There was a pause on the other end of the line. A pause that shook him. That’s exactly what she thought. And it was shaming to think that he could have made someone he once thought he was in love with feel that way.
“I’m sorry, Bella.”
“Apology accepted. And I’m sorry too, Jase. You didn’t deserve to be used that way. You just happened to be the guy offering what I needed. I should have realised the only person I needed it from was Matt. I’m sorry you ended up in the crosshairs of that.”
“Thank you.”
“You know, I honestly believe that we are always exactly where we are supposed to be, Jase. I don’t know what prompted this.
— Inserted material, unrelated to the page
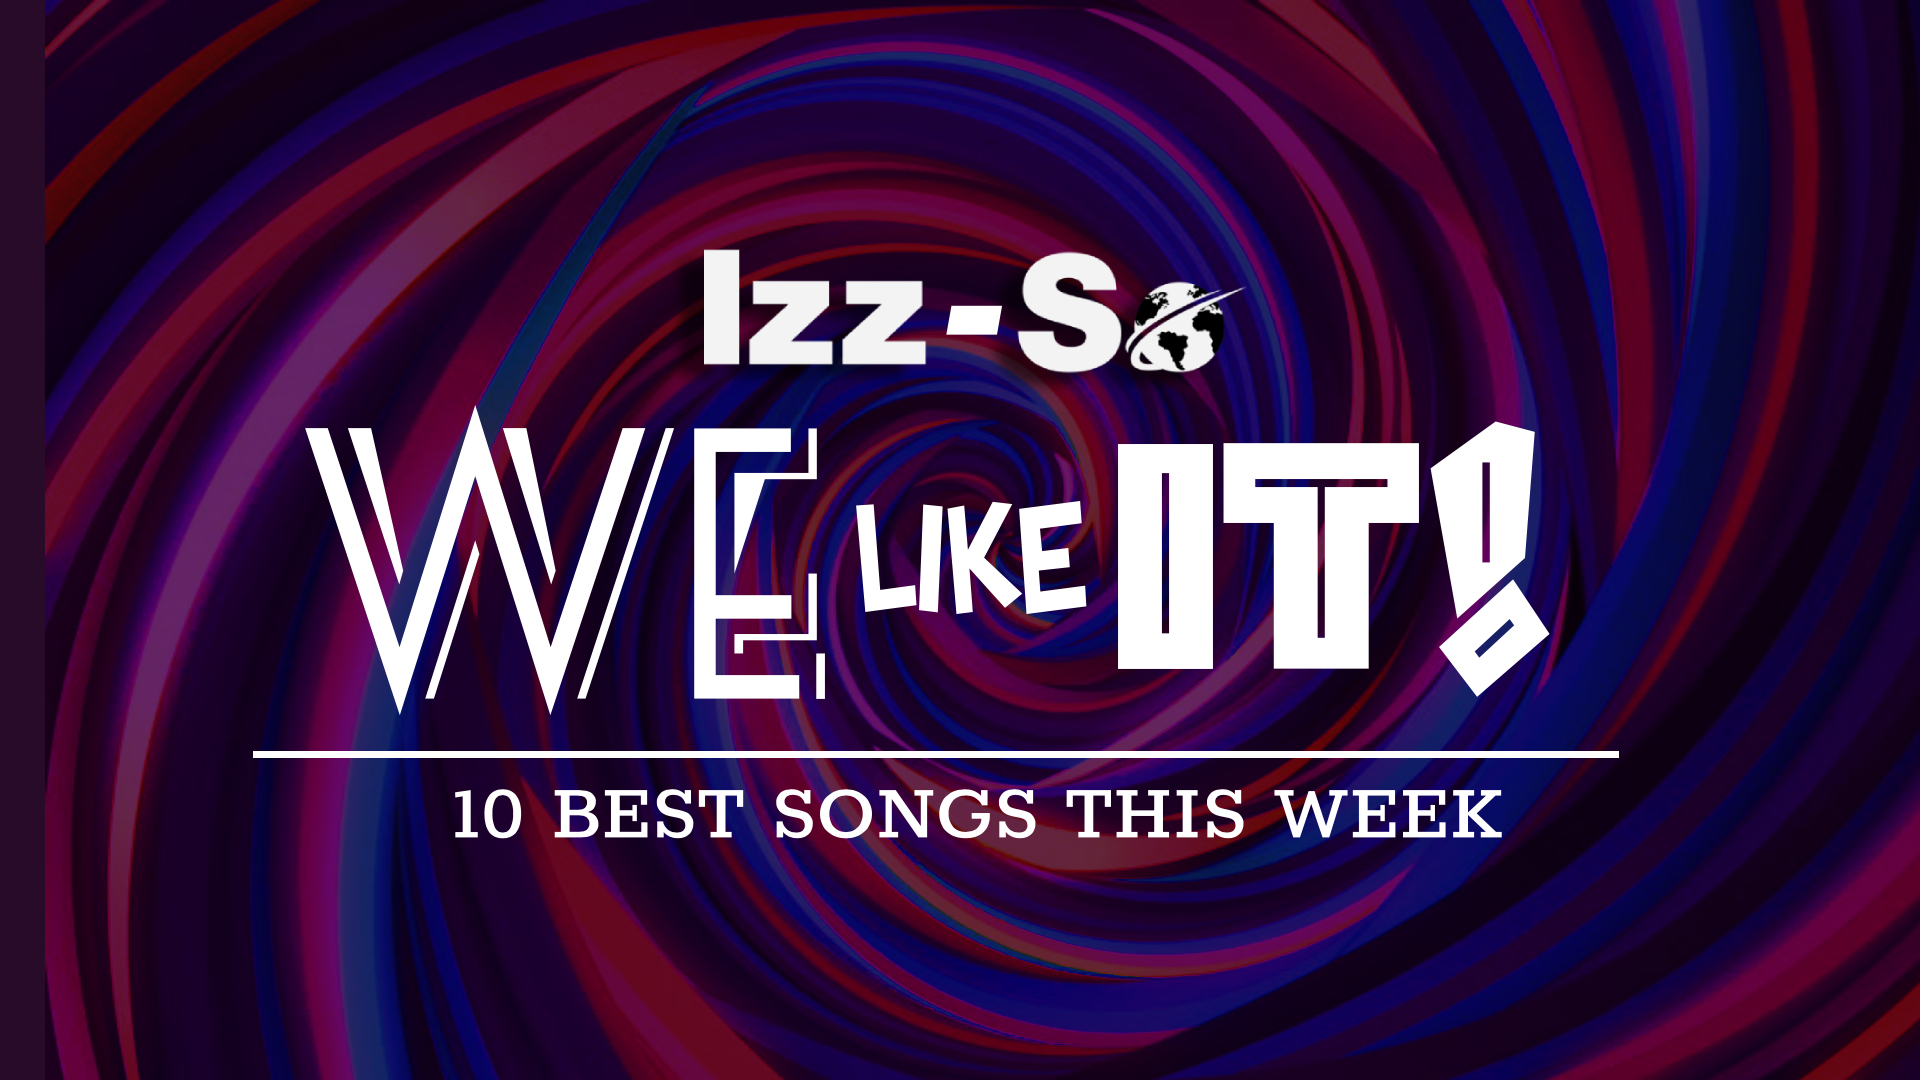 Izz-So We Like It! – 10 BEST SONGS THIS WEEK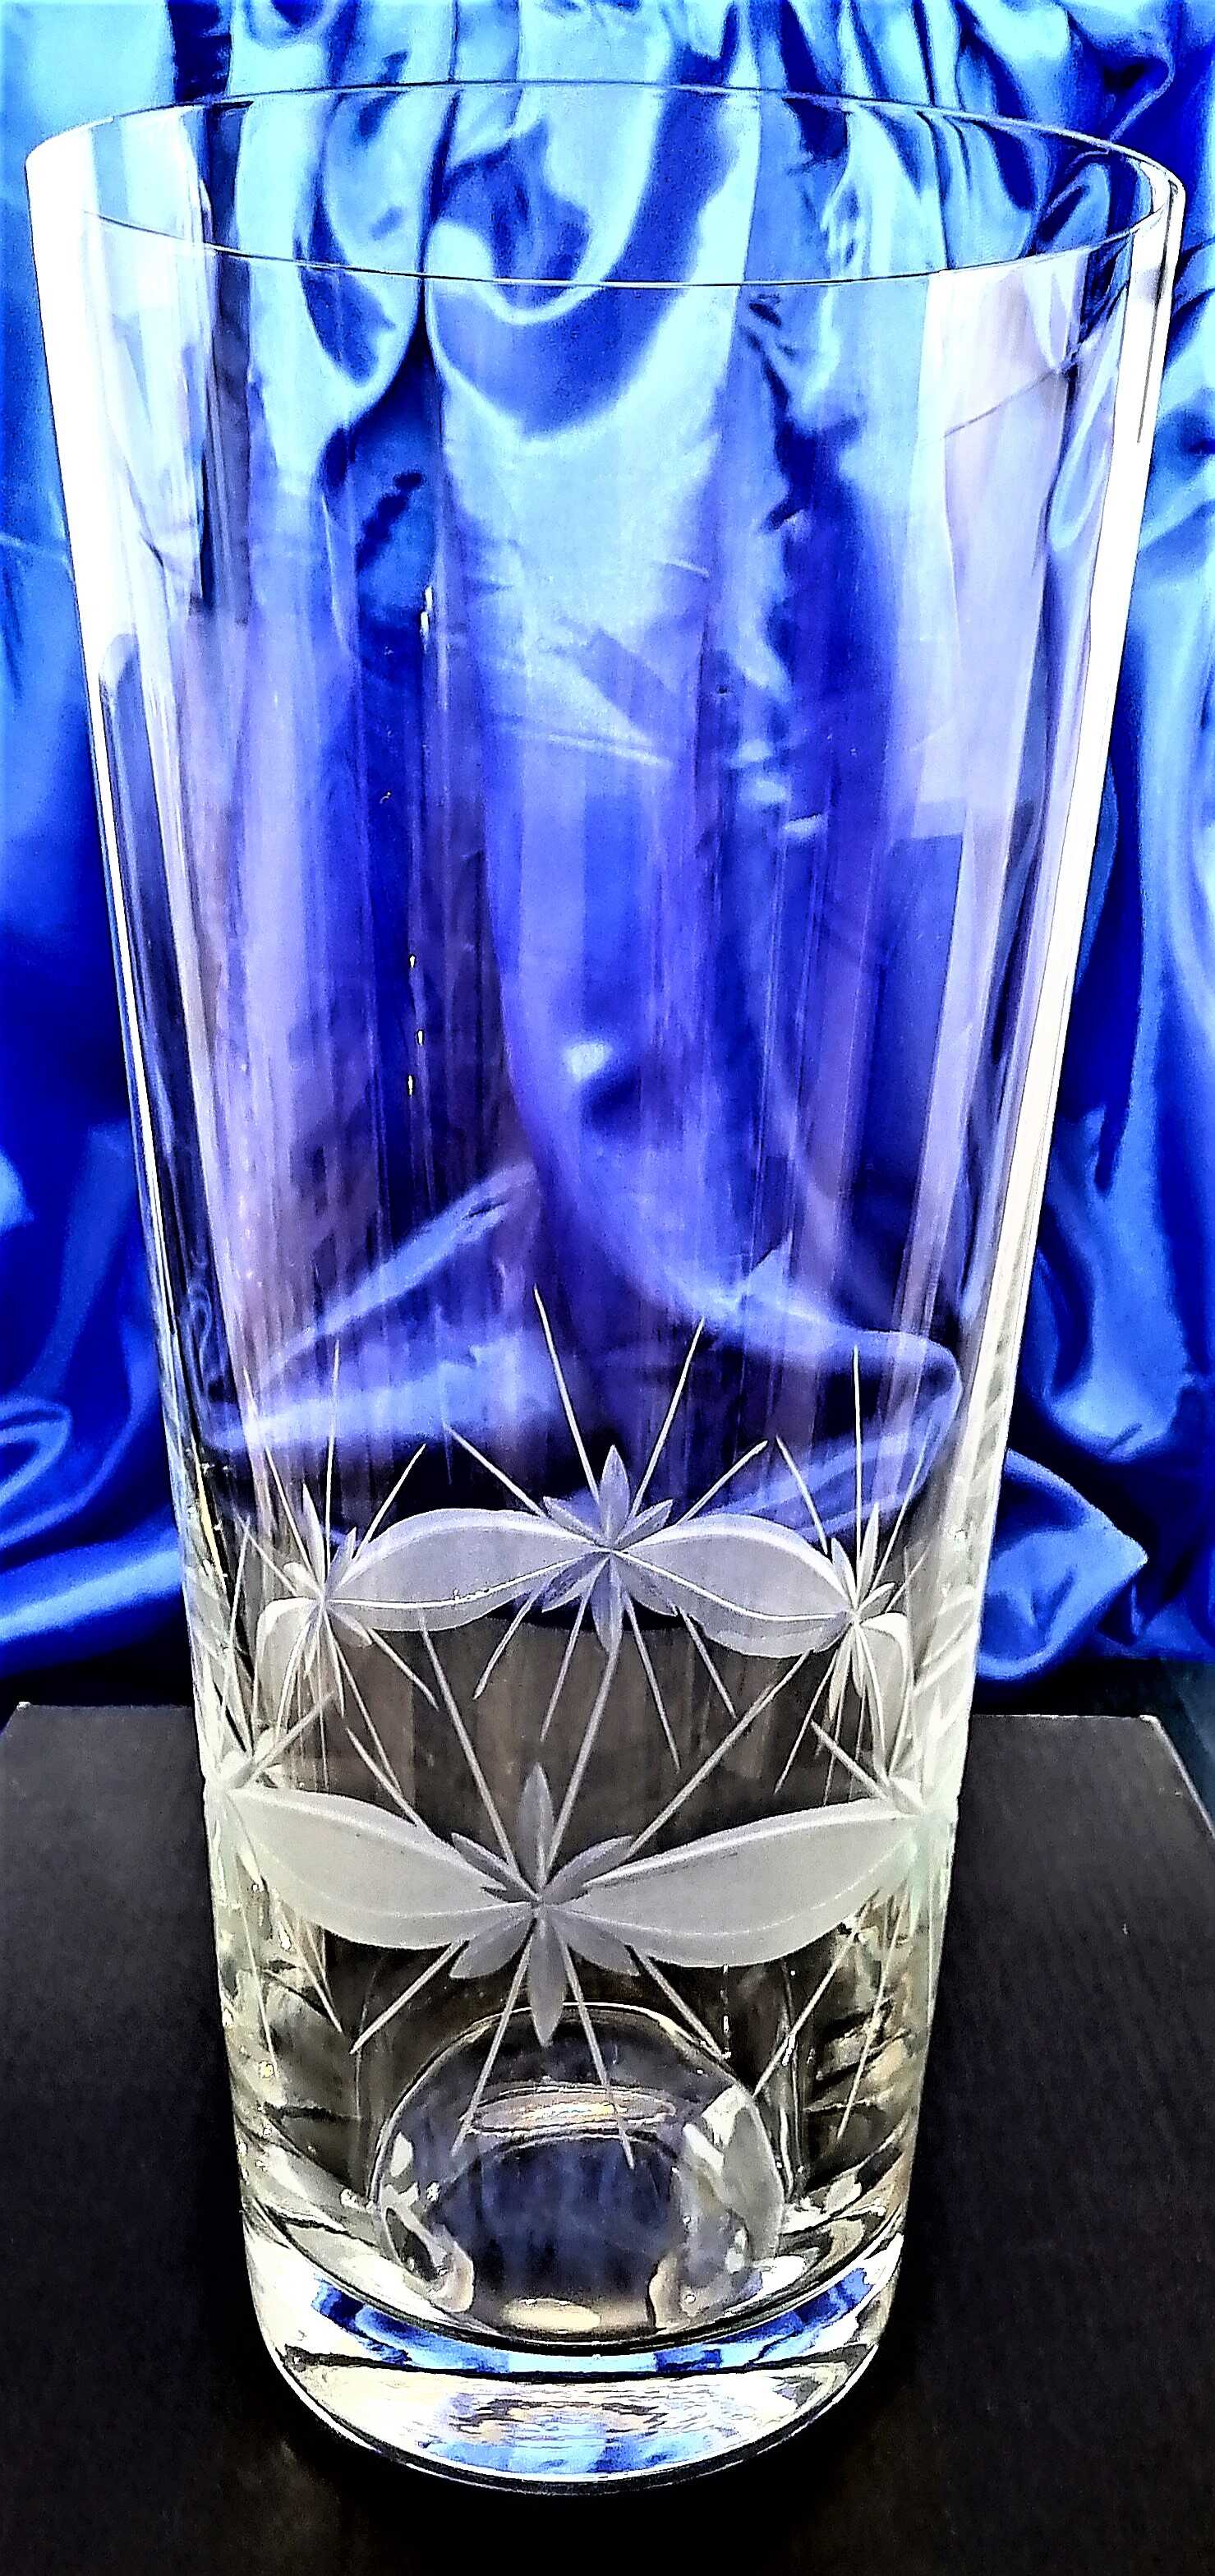 Vase Kristallglas Hand geschliffen Kante WA-1137 250 x 125 mm 1 Stück .

But whatever it is, I’m grateful for it.”
Cerys.
The word whispered around him like the snow.
No, it’s me. It’s time.
And the words felt right.
Now he had to make things right with everyone else.
10
Cerys watched Jase as he stepped back into the building, shaking the snow that had gathered in his hair and on the shoulders of his grey sweatshirt. She thought back to the very first time she’d seen him, looking up at the snow with a wistfulness she could feel. Then he’d sneered and called her a child for wanting to make snow angels. Now, after having watched him make them with glee, she could see that moment for what it was. He’d not meant to hurt her; he’d simply been protecting himself.
He wasn’t hitting anything, throwing anything, or cursing. He’d reappeared instead of disappearing. And he wasn’t bleeding. All good signs that he’d stood in the waves of whatever just went down between him and the band and Matt.